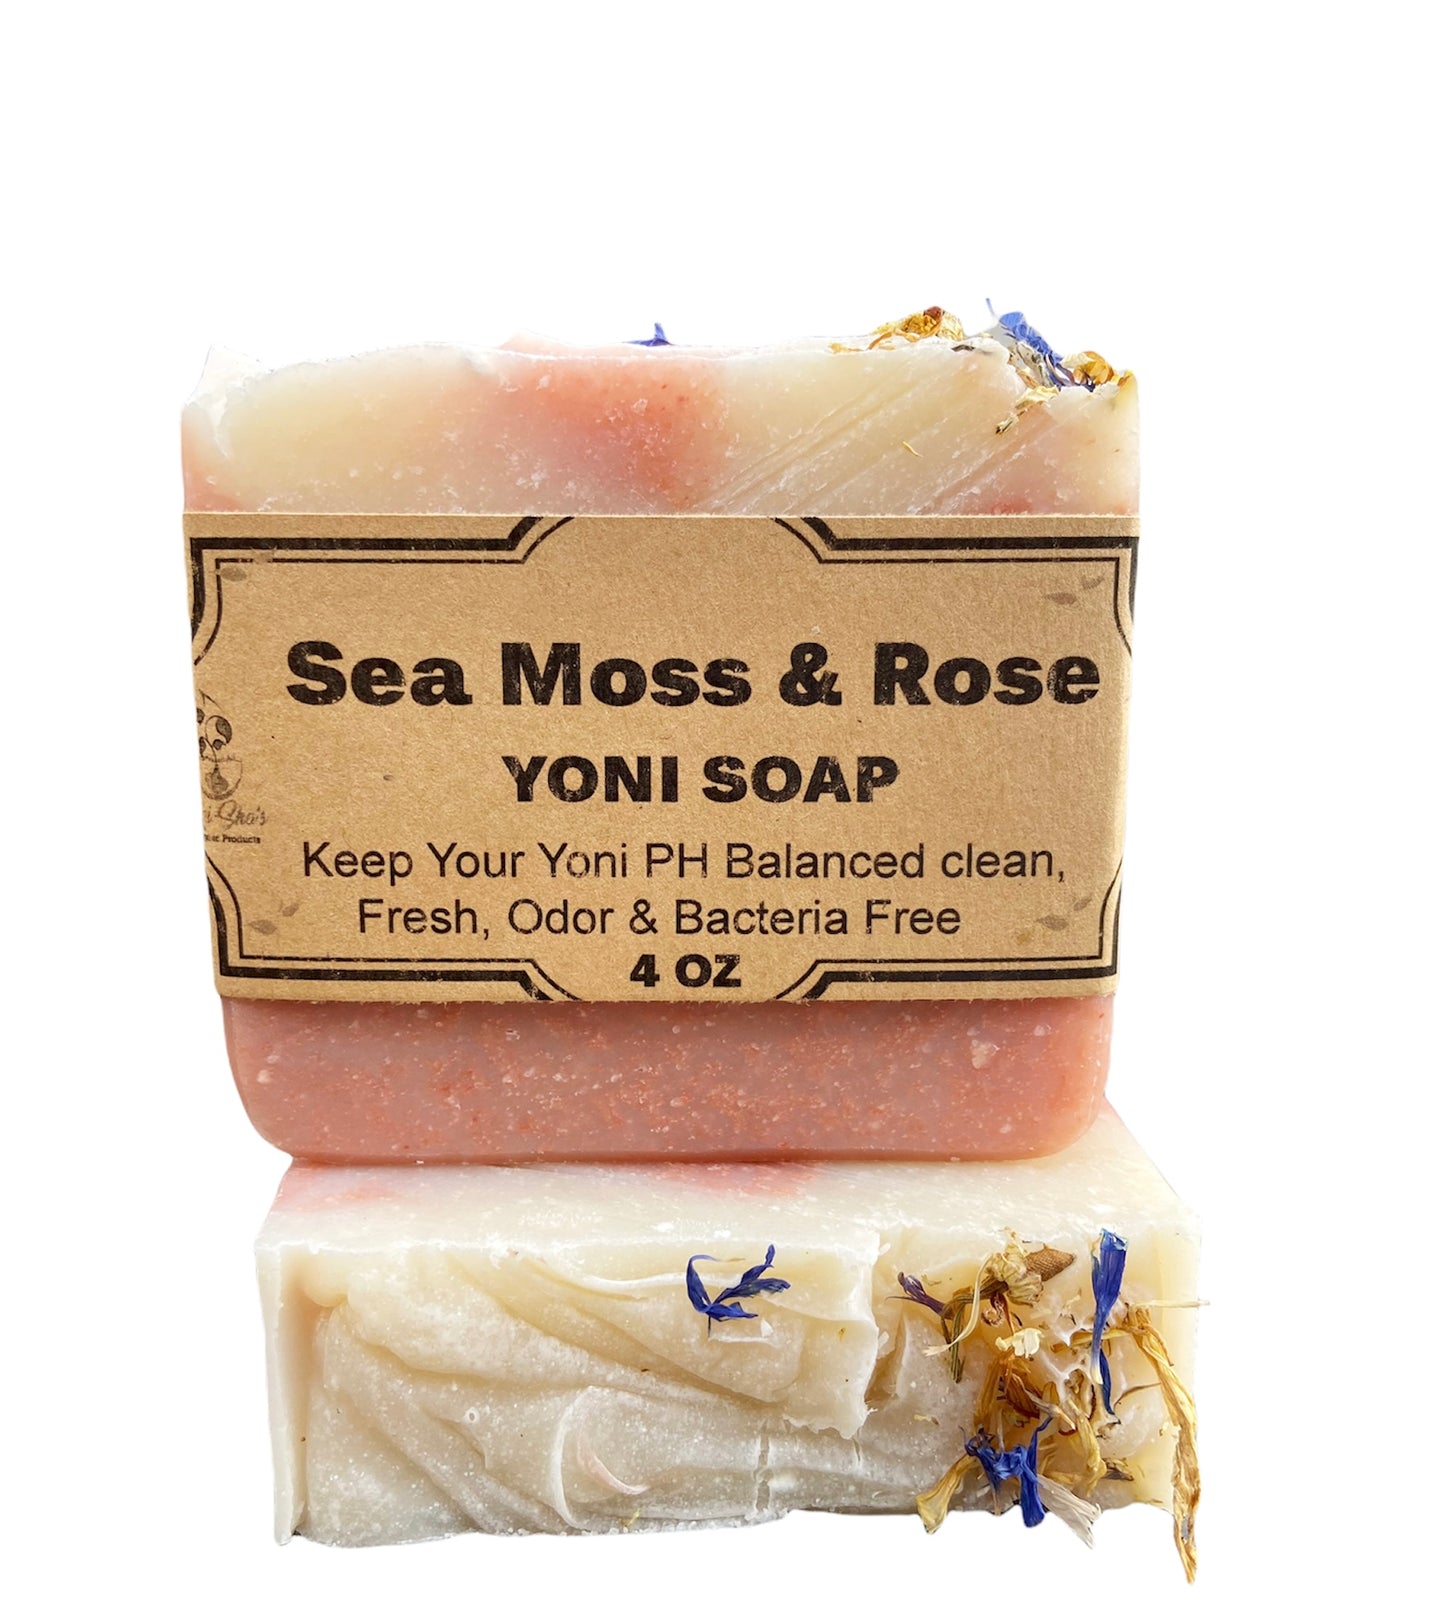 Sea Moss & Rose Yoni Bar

--

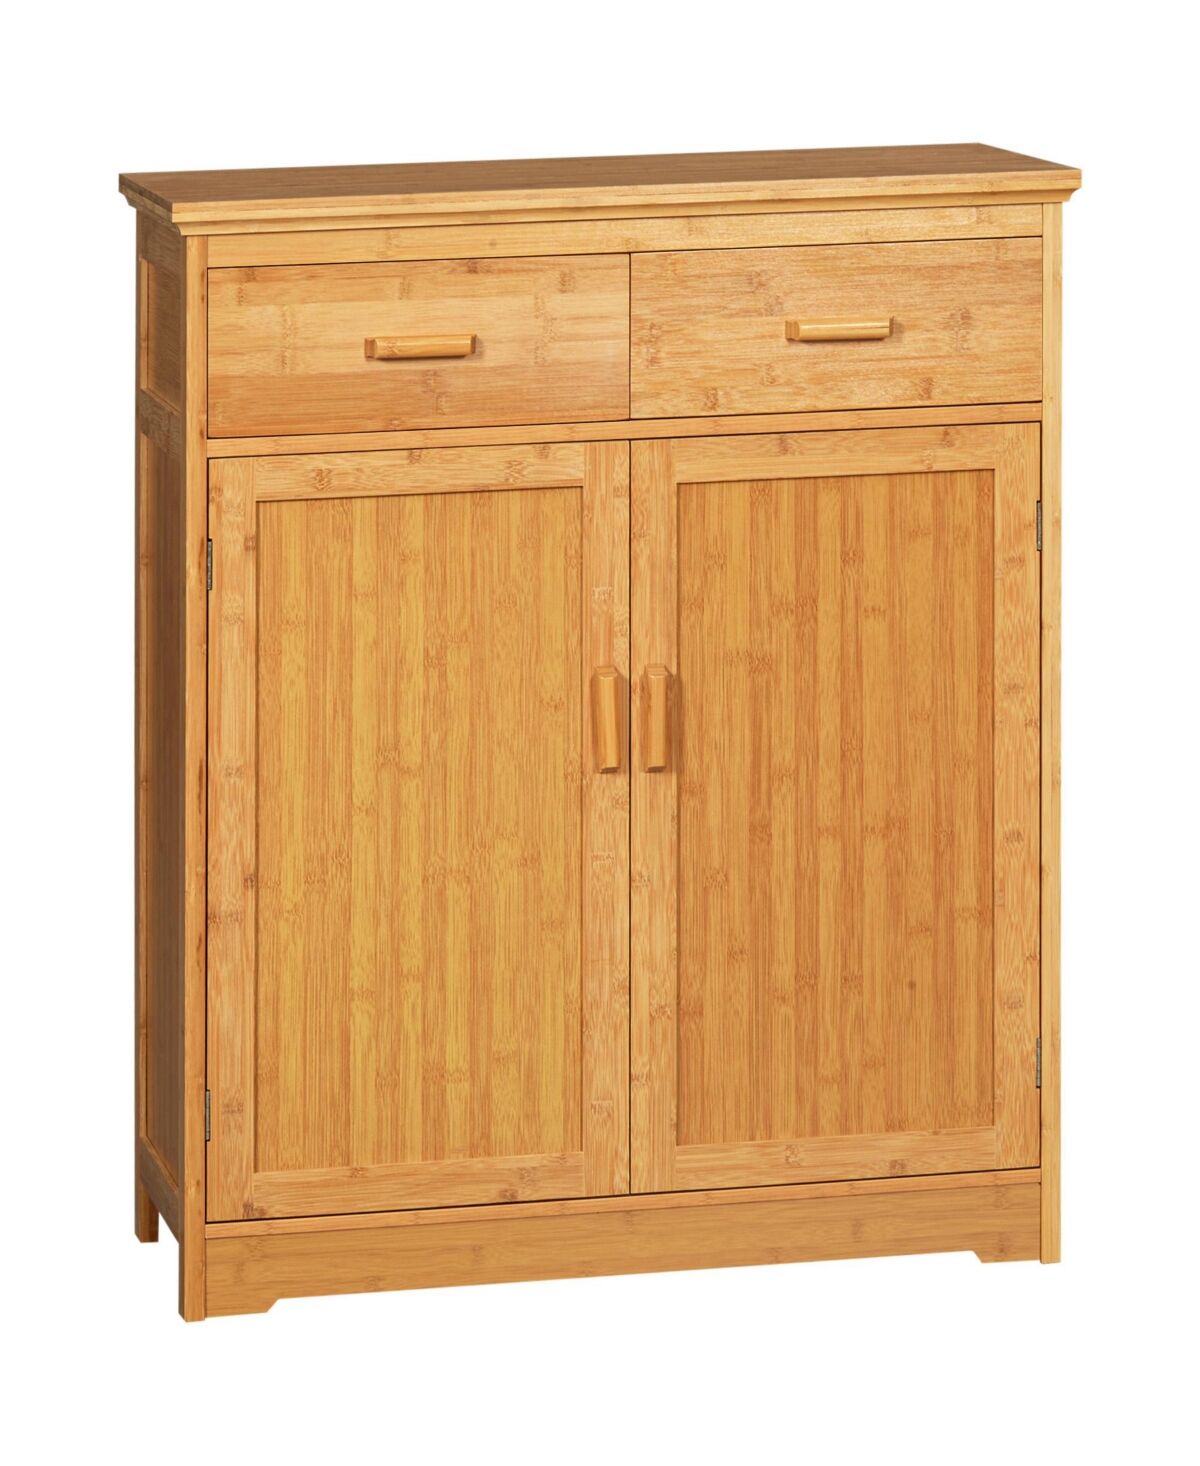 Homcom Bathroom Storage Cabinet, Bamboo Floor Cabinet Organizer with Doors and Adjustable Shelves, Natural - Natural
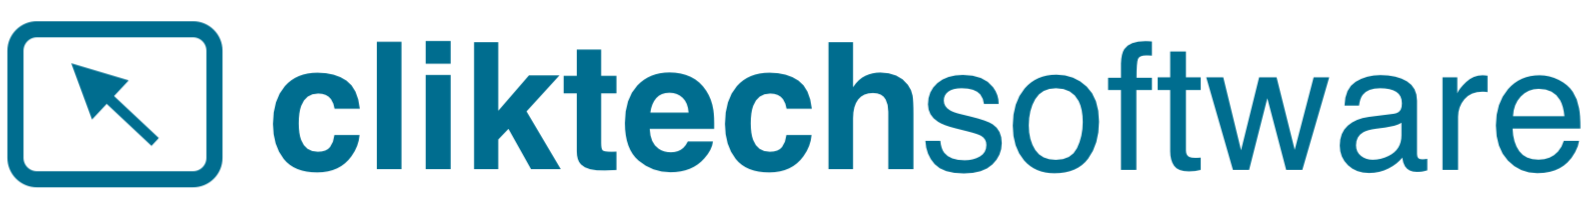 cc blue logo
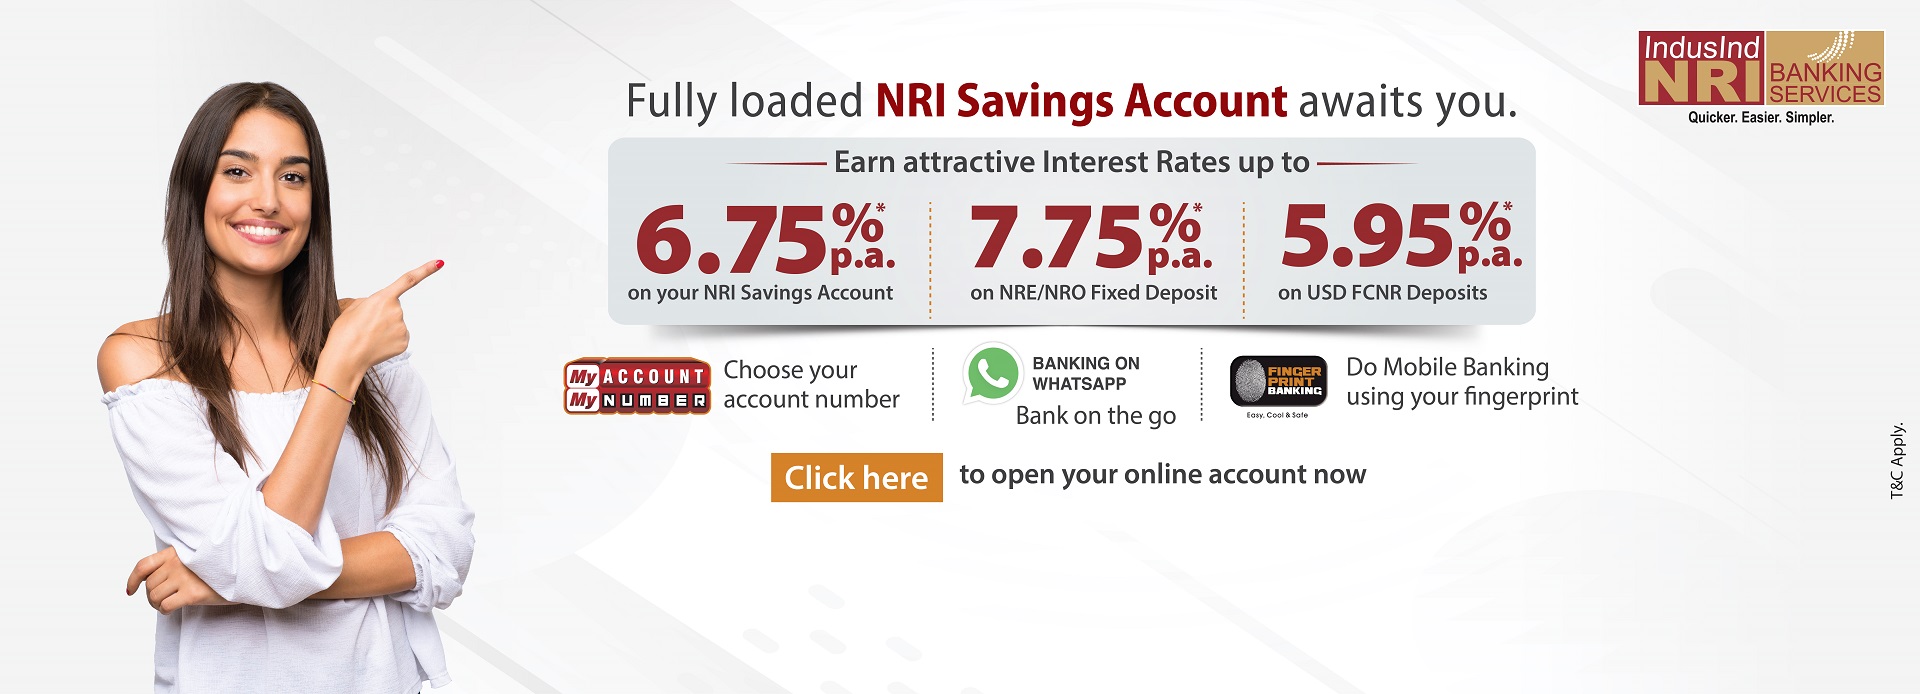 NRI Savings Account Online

--

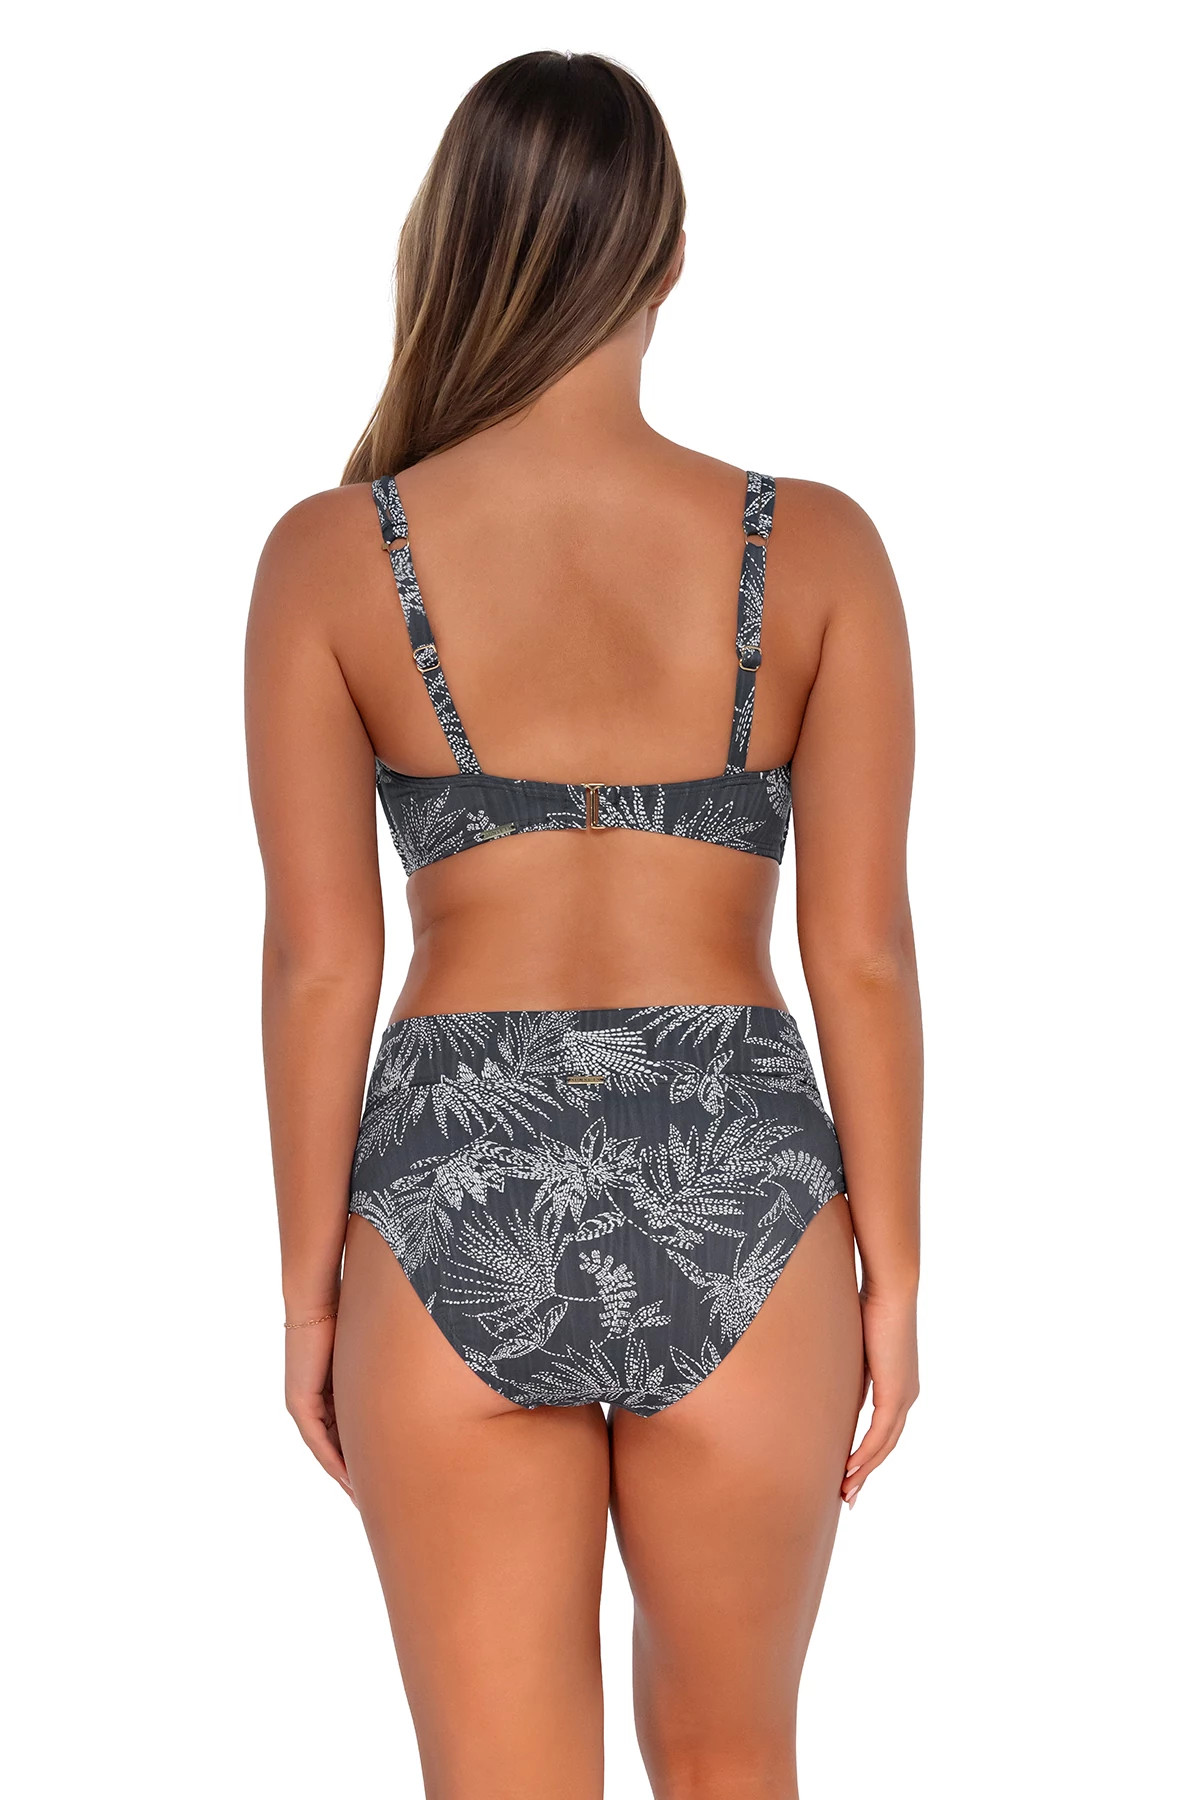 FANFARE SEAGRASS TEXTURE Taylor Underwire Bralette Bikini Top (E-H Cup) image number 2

_EXERCISE BRIEF_
Because only one stretch of the records is wanted, please output the lines from the one holding "Homcom Bathroom Storage" through the one holding "NRI Savings Account Online" exactly, both included, and leave every picture out.

_ANSWER TO THIS PROBLEM_
 Homcom Bathroom Storage Cabinet, Bamboo Floor Cabinet Organizer with Doors and Adjustable Shelves, Natural - Natural
 cc blue logo
 NRI Savings Account Online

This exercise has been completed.